Tanjung (Suara NTB) – Dinas Pekerjaan Umum Penataan Ruang, Perumahan dan Kawasan Permukiman (PUPR – PKP) Kabupaten Lombok Utara (KLU) telah menuntaskan sisa proyek yang belum rampung pada 2024 pada gedung kantor DPRD Lombok Utara. Tuntasnya pekerjaan pihak ketiga ditandai dengan telah dilakukannya Provisional Hand Over (PHO) atau serah terima pekerjaan.
Kepala Bidang Cipta Karya sekaligus PPK pada proyek gedung DPRD (satu paket dengan Kantor Dinsos), Rangga Wijaya, ST., mengakui PHO proyek tersebut telah dilakukan pada hari ke-40 masa perpanjangan pekerjaan pasca-akhir kontrak. Masa perpanjangan sendiri berlaku 50 hari sejak awal Januari lalu hingga 20 Februari. Namun kontraktor telah menyelesaikan pekerjaan pada hari ke-40 (tanggal 10 Februari).
“Sudah di-PHO kemarin, Dinsos juga sudah,” kata Rangga, Rabu, 12 Februari 2025. “40 hari kerja dengan estimasi Rp 400 juta,” sambung Rangga saat ditanya terkait lama pekerjaan maupun denda yang dikenakan kepada kontraktor.
Sejalan dengan itu, informasi yang sama disampaikan perwakilan perusahaan pelaksana kegiatan (rekanan), Paisal. Saat ditemui disela-sela melakukan finishing Selasa lalu, Ia menyebutkan bahwa pembangunan gedung DPRD KLU sudah tuntas. Namun pihaknya melakukan pekerjaan (pasca-PHO) karena sifatnya menuntaskan finishing dan service beberapa item yang menjadi catatan PPK saja.
“Ada pengecatan yang belum rata, pintu yang masih perlu diservis, lampu yang belum sempurna nyala, pintu belum terpasang kaca. Hanya itu saja,” kaya Paisal.
Ia mengklaim, finishing dan service sesuai catatan PPK tidak masalah dilakukan pasca-PHO. Sebab secara aturan, apabila progres pekerjaan sudah di atas 95 persen maka pihaknya berhak mengajukan PHO.

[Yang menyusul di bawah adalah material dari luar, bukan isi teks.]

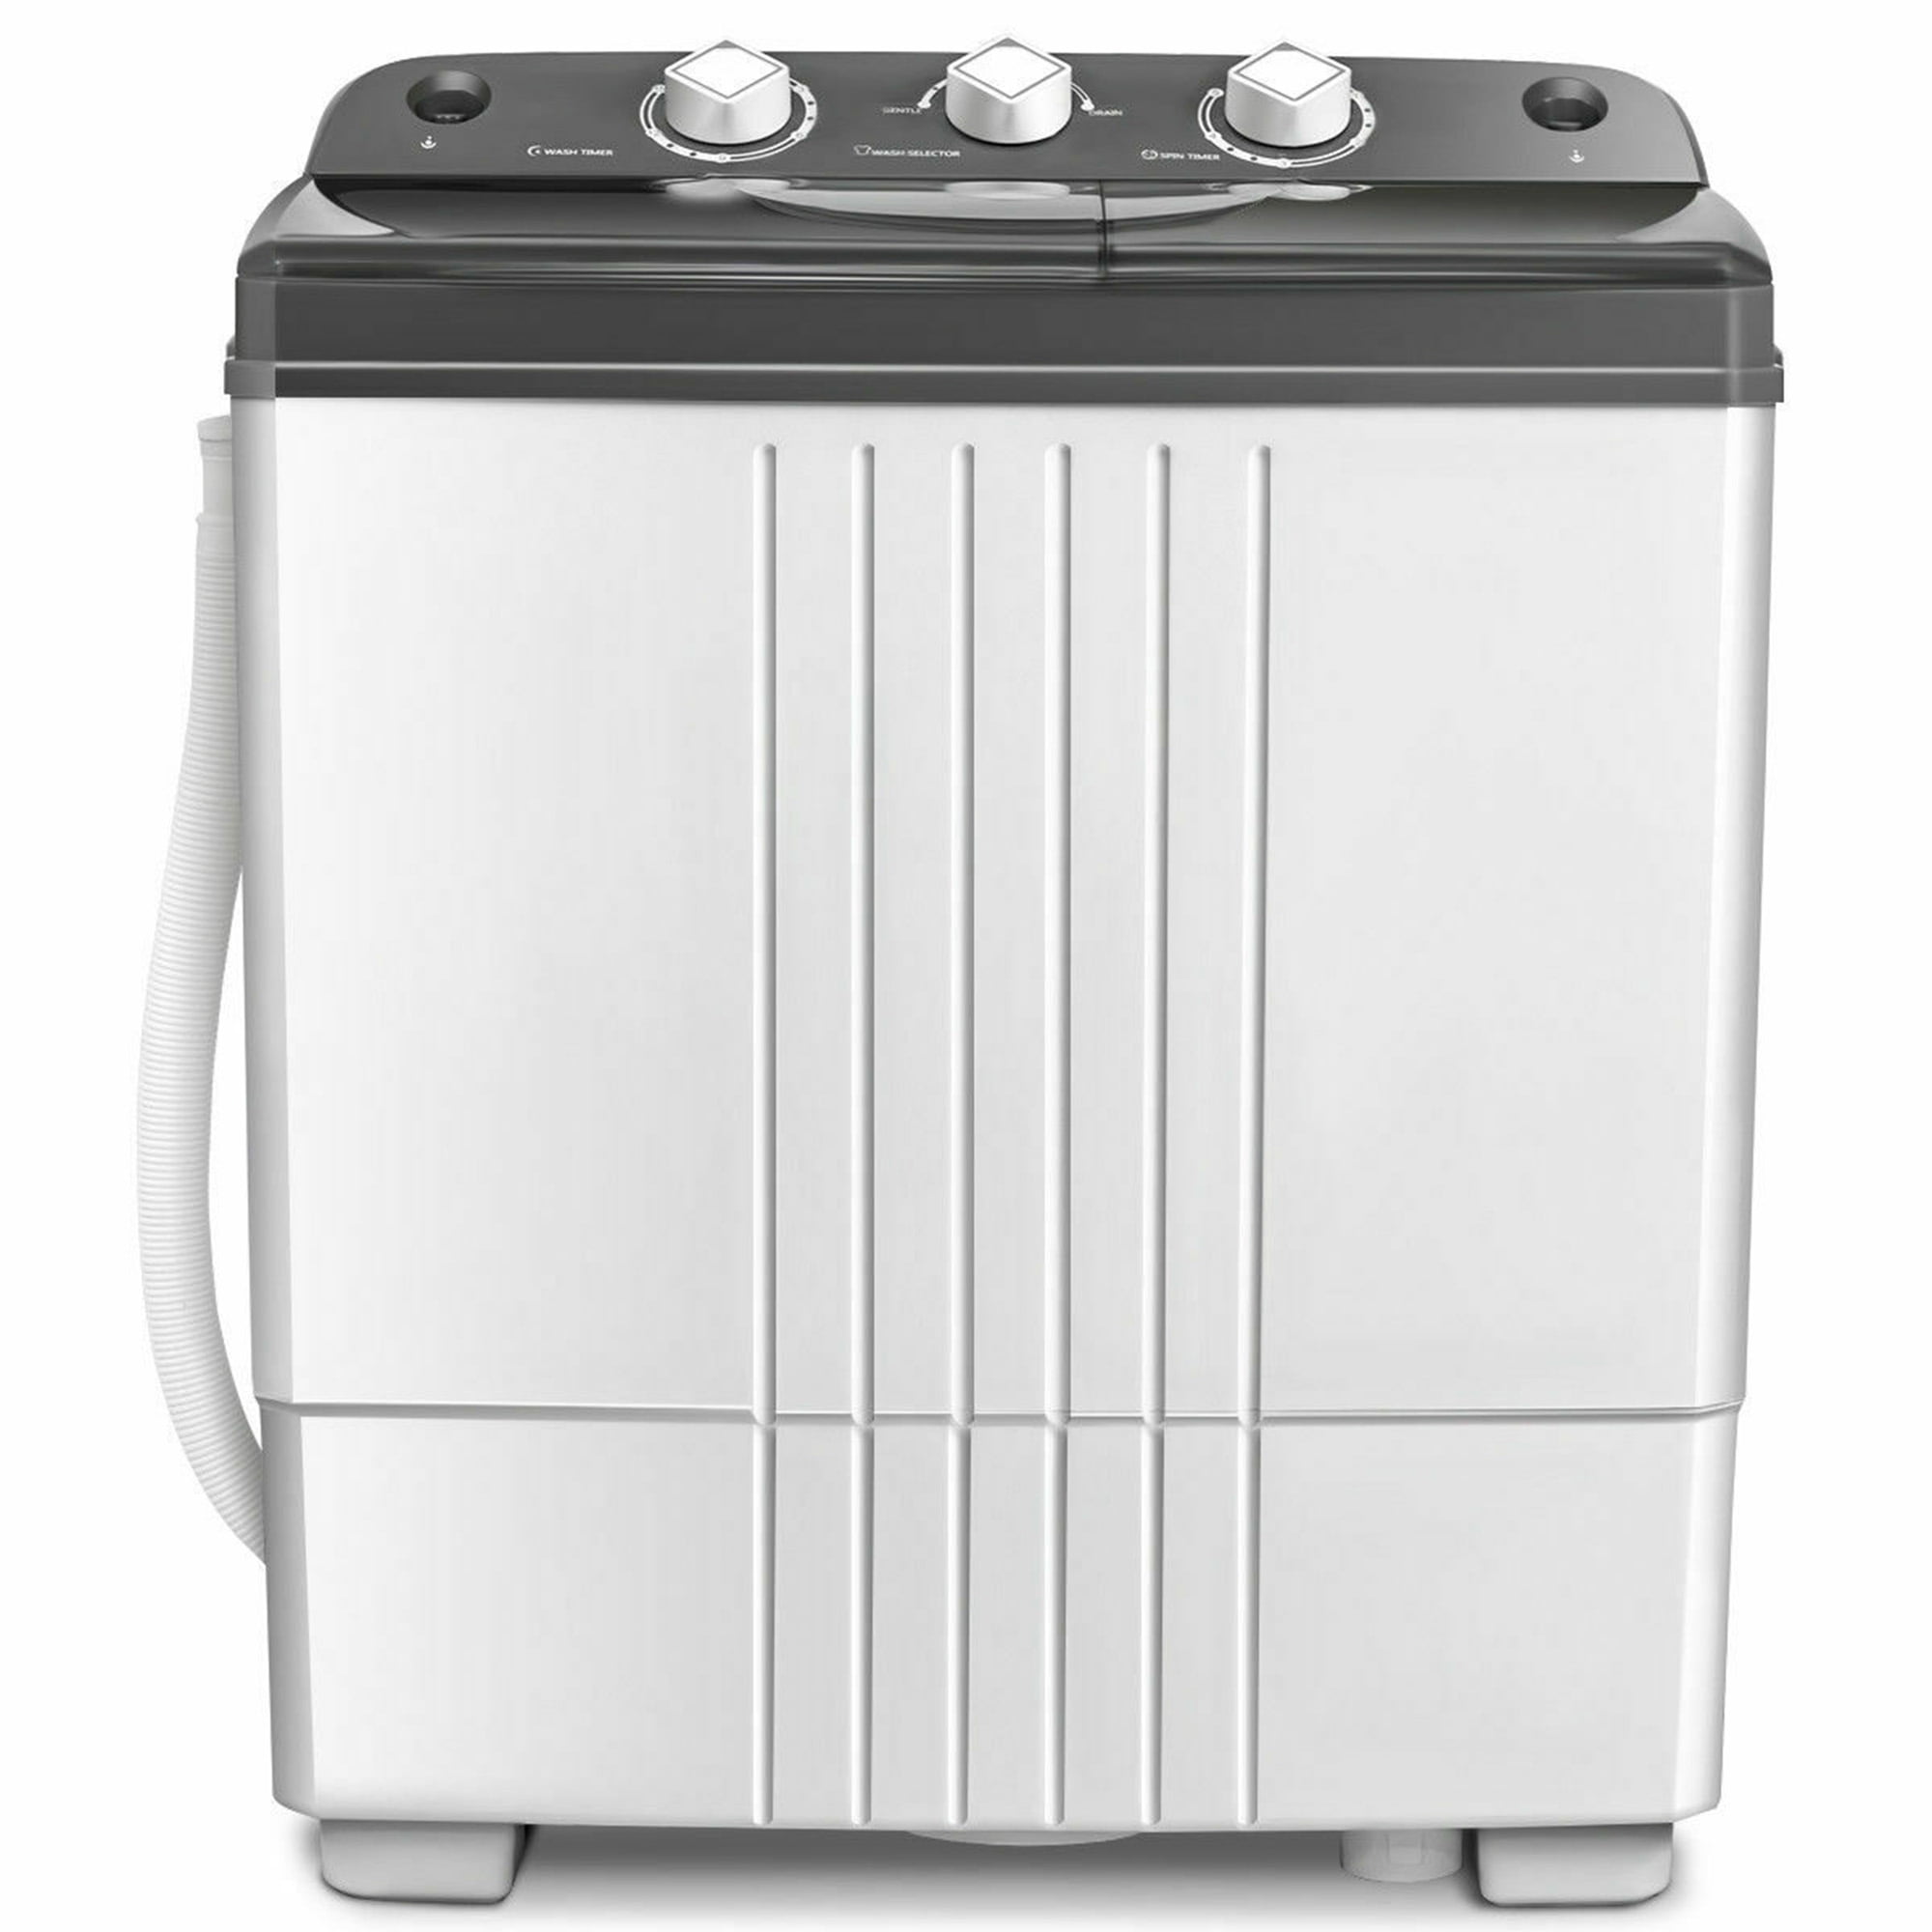  Portable Washing machine 20Lbs Capacity Mini Washer and Dryer  Combo Compact Twin Tub Laundry Washer(12Lbs) & Spinner(8Lbs) Built-in  Gravity Drain,Low Noise for Apartment,Dorms,RV Camping, GREY : Appliances

“Adapun pekerjaan minor atau ada catatan-catatan dari PPK itu bisa dikerjakan pada masa pemeliharaan selama 6 bulan sejak PHO,” klaimnya.
Lebih lanjut, beberapa catatan dari PPK diklaim tidak banyak sehingga pihaknya optimis pada pekan ini sudah tuntas dikerjakan. Selanjutnya, kontraktor perlu menyelesaikan denda pekerjaan senilai Rp 400 juta atau 10 juta per hari selama 40 hari kerja keterlambatan.
“Itu tidak jadi soal karena sudah menjadi konsekuensi kami atas keterlambatan pekerjaan,” tandasnya. (ari)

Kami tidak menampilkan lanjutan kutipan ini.